Bus rapid transit line in Columbus, Ohio

CMAX is a bus rapid transit (BRT) service in Central Ohio, operated by the Central Ohio Transit Authority (COTA). The line begins in Downtown Columbus, traveling northeast to Westerville. CMAX is Central Ohio's first bus rapid transit line; it began operation in 2018.

==Route and fleet==

CMAX runs from Downtown Columbus to Westerville, primarily along Cleveland Avenue and High Street. The route is 15.6 mi long, with 0.7 mi of dedicated lanes on High Street, between Spring Street and Main Street. The trip is estimated to take about 56 minutes, depending on the time of day.

Landmarks and parks along the line include Franklin University, the Franklin County Government Center, the South High Commercial Historic District, Columbus Commons, the Ohio Statehouse on Capitol Square, the High and Gay Streets Historic District, Sensenbrenner Park, Battelle Hall and the Greater Columbus Convention Center, the Central Ohio Fire Museum, Columbus State Community College, Fort Hayes, Mount Carmel St Ann's Hospital, Sharon Woods Metro Park, Otterbein University, and the OhioHealth Westerville Medical Campus.

Buses operating the CMAX route have unique livery, and were among the first in the system to include USB charging ports and onboard Wi-Fi.
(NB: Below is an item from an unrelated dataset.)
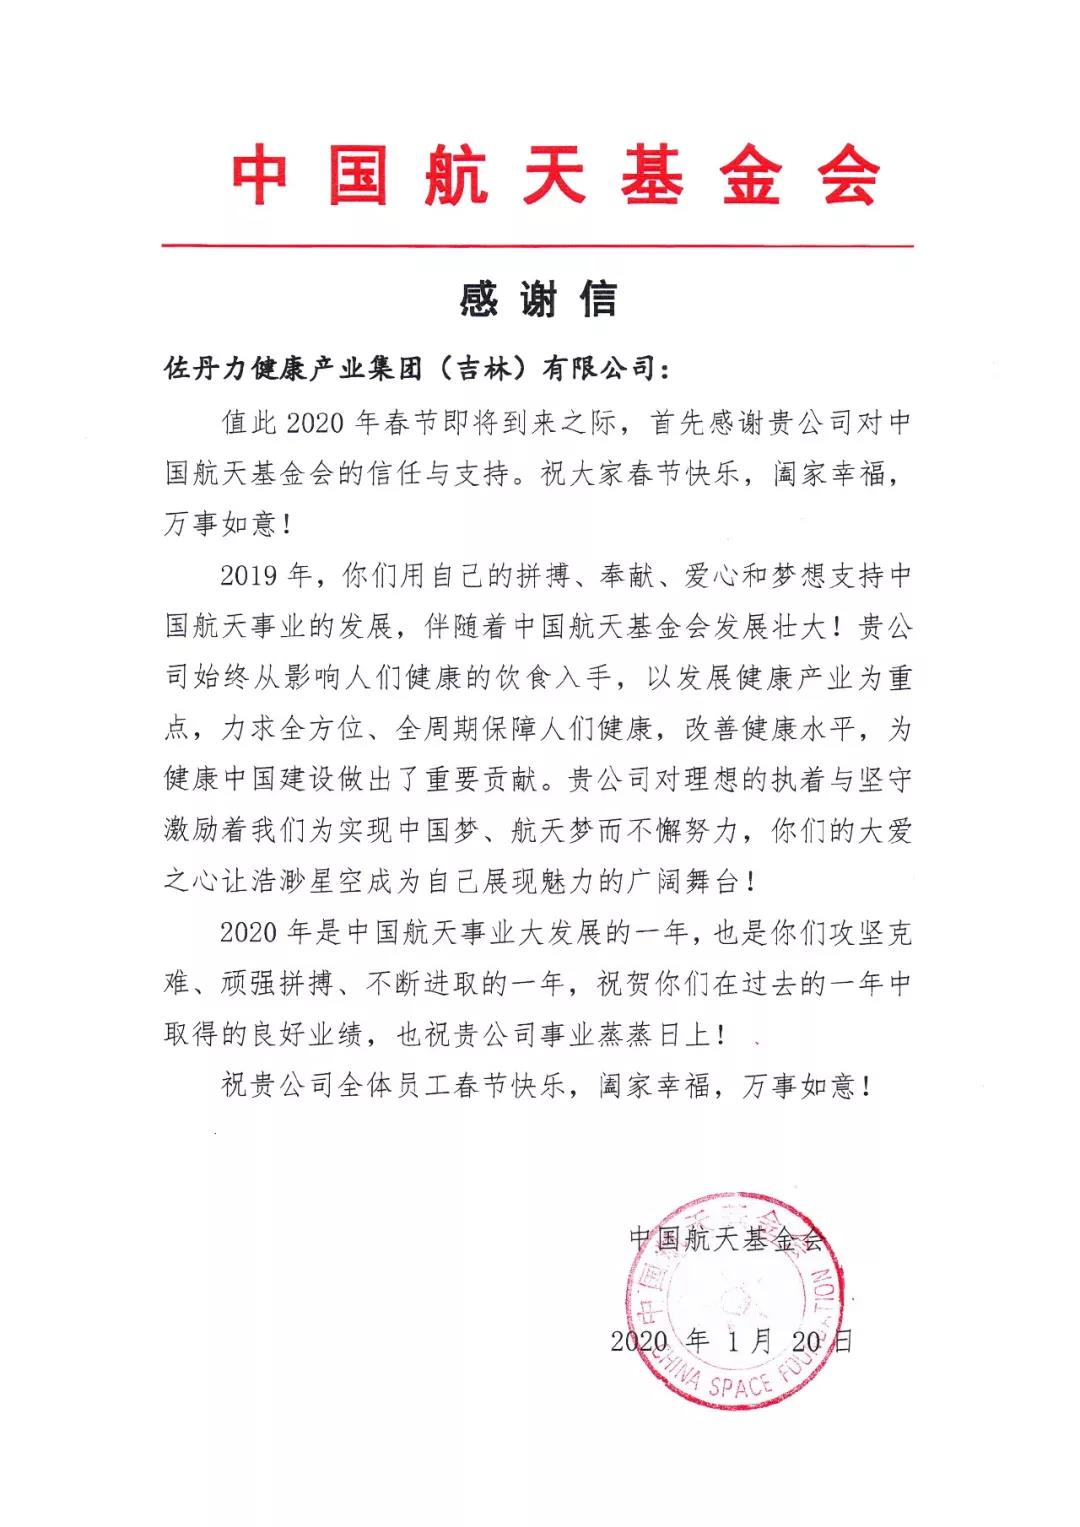 中国航天基金会给佐丹力集团发来感谢信

The fleet includes buses 1619-20 (two 40-ft. 2016 Gillig BRT Plus CNG-fueled buses) and 1714-1726 (13 of the same type, issued in 2017).

==BRT attributes==
The service is estimated to be 20 percent faster than conventional service, due to its use of limited stops, dedicated bus lanes on its High Street portion during rush hours, and utilizing transit signal priority. Most of the stops have covered shelters and information terminals with real-time bus arrival times. Some of the stations feature local art. Between downtown and Northland Transit Center, the buses operate with a 10-minute frequency on weekday mornings and afternoons, 15 minutes during off-peak times, and 30 minutes on weekends.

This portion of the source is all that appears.